Zimbabwe’s economy has stabilised following a decade-long slump after a unity government formed by rivals President Robert Mugabe and Prime Minister Morgan Tsvangirai last year adopted the use of multiple foreign currencies.
“The economic recovery remains fragile and domestic and external imbalances are building up. Therefore, significant policy challenges need to be addressed without delay,” the IMF said in a statement after a staff visit to Zimbabwe.
Zimbabwe owes the IMF $140m in arrears and its total external debt is about $6bn.
The IMF said economic policies in Zimbabwe have improved significantly following a decade of decline in the economy, including hyperinflation in 2007-2008.
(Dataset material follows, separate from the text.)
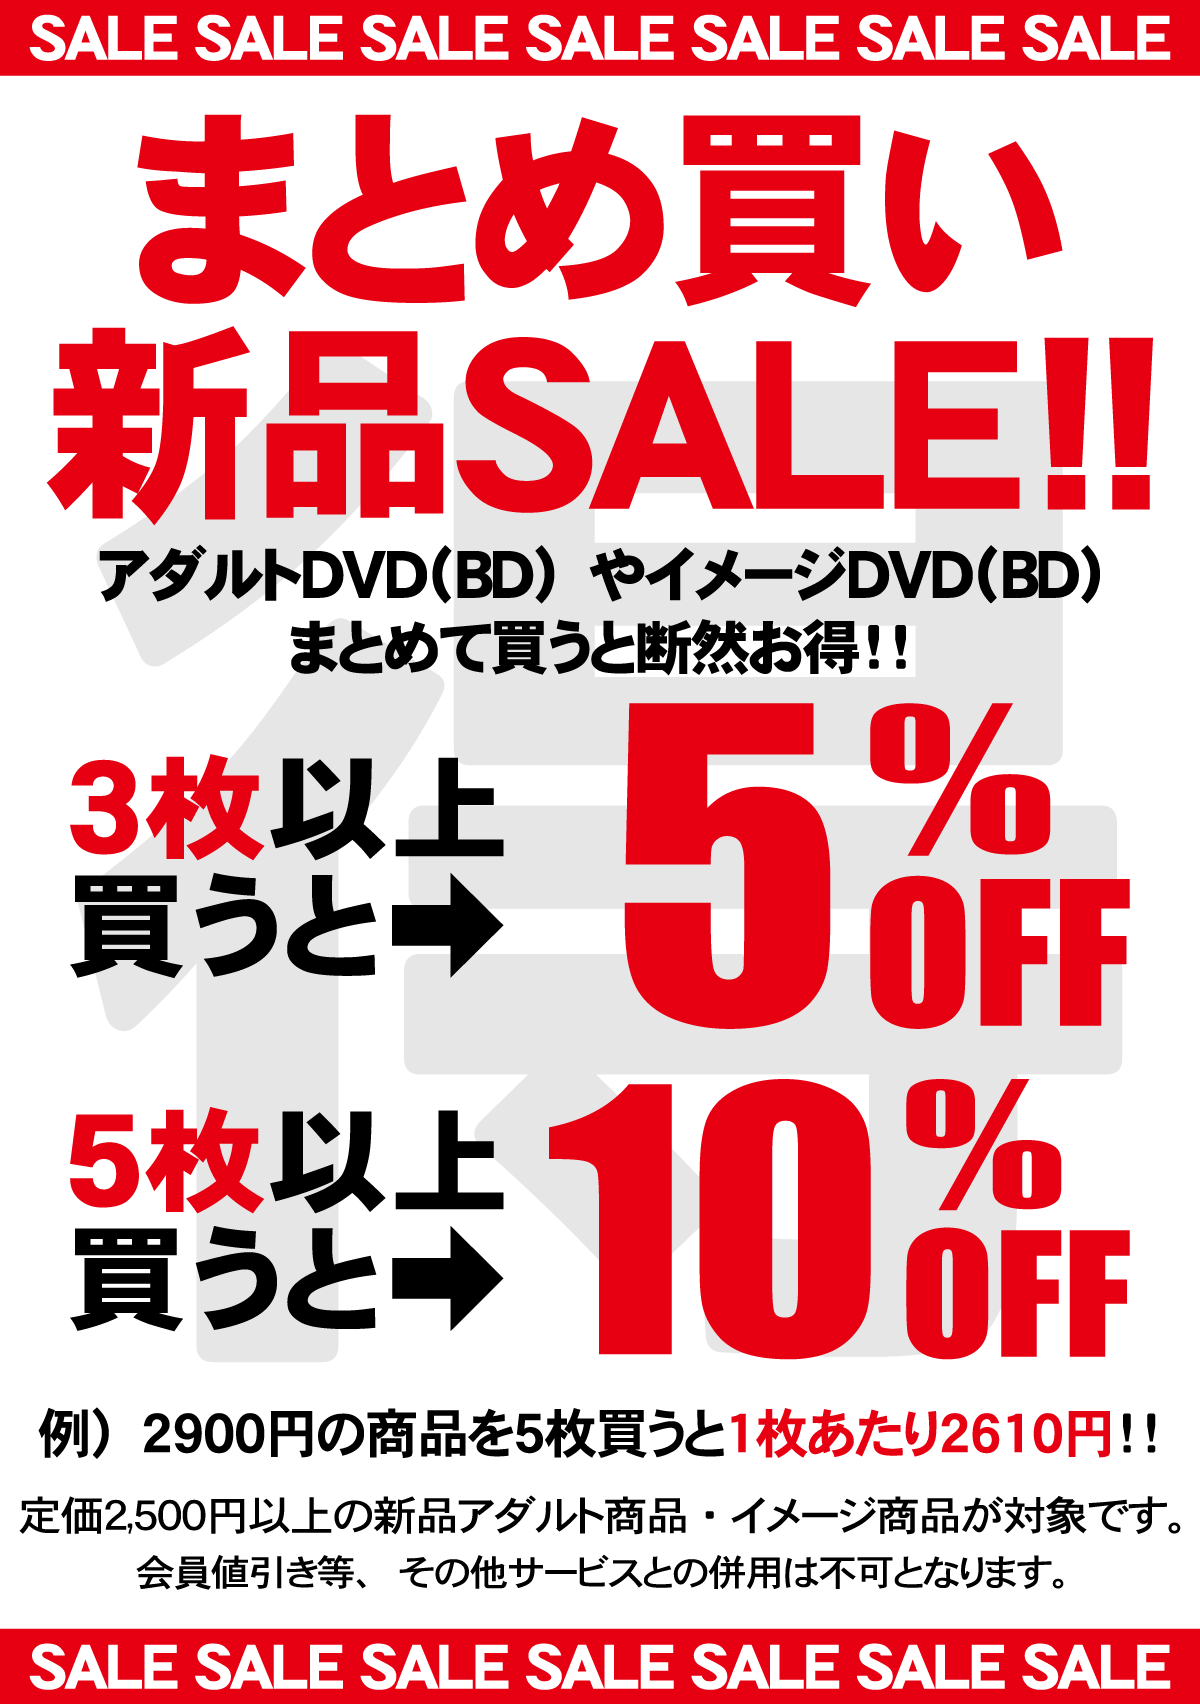 まとめ買い新品SALE!!

But the government’s wage bill needed to be reduced and budgetary expenditures to be better prioritised.
“The government needs to ensure that sufficient budgetary allocations are made to critically important infrastructure rehabilitation projects and social programmes supporting vulnerable groups while maintaining a fiscal stance consistent with macroeconomic stability,” the IMF statement said.
It said banking sector risks were rising and this should be mitigated by prudential measures.
Central bank governance also needed to be improved, including the appointment of a Reserve Bank of Zimbabwe governing board and a reduced central bank operating budget which should focus on core activities.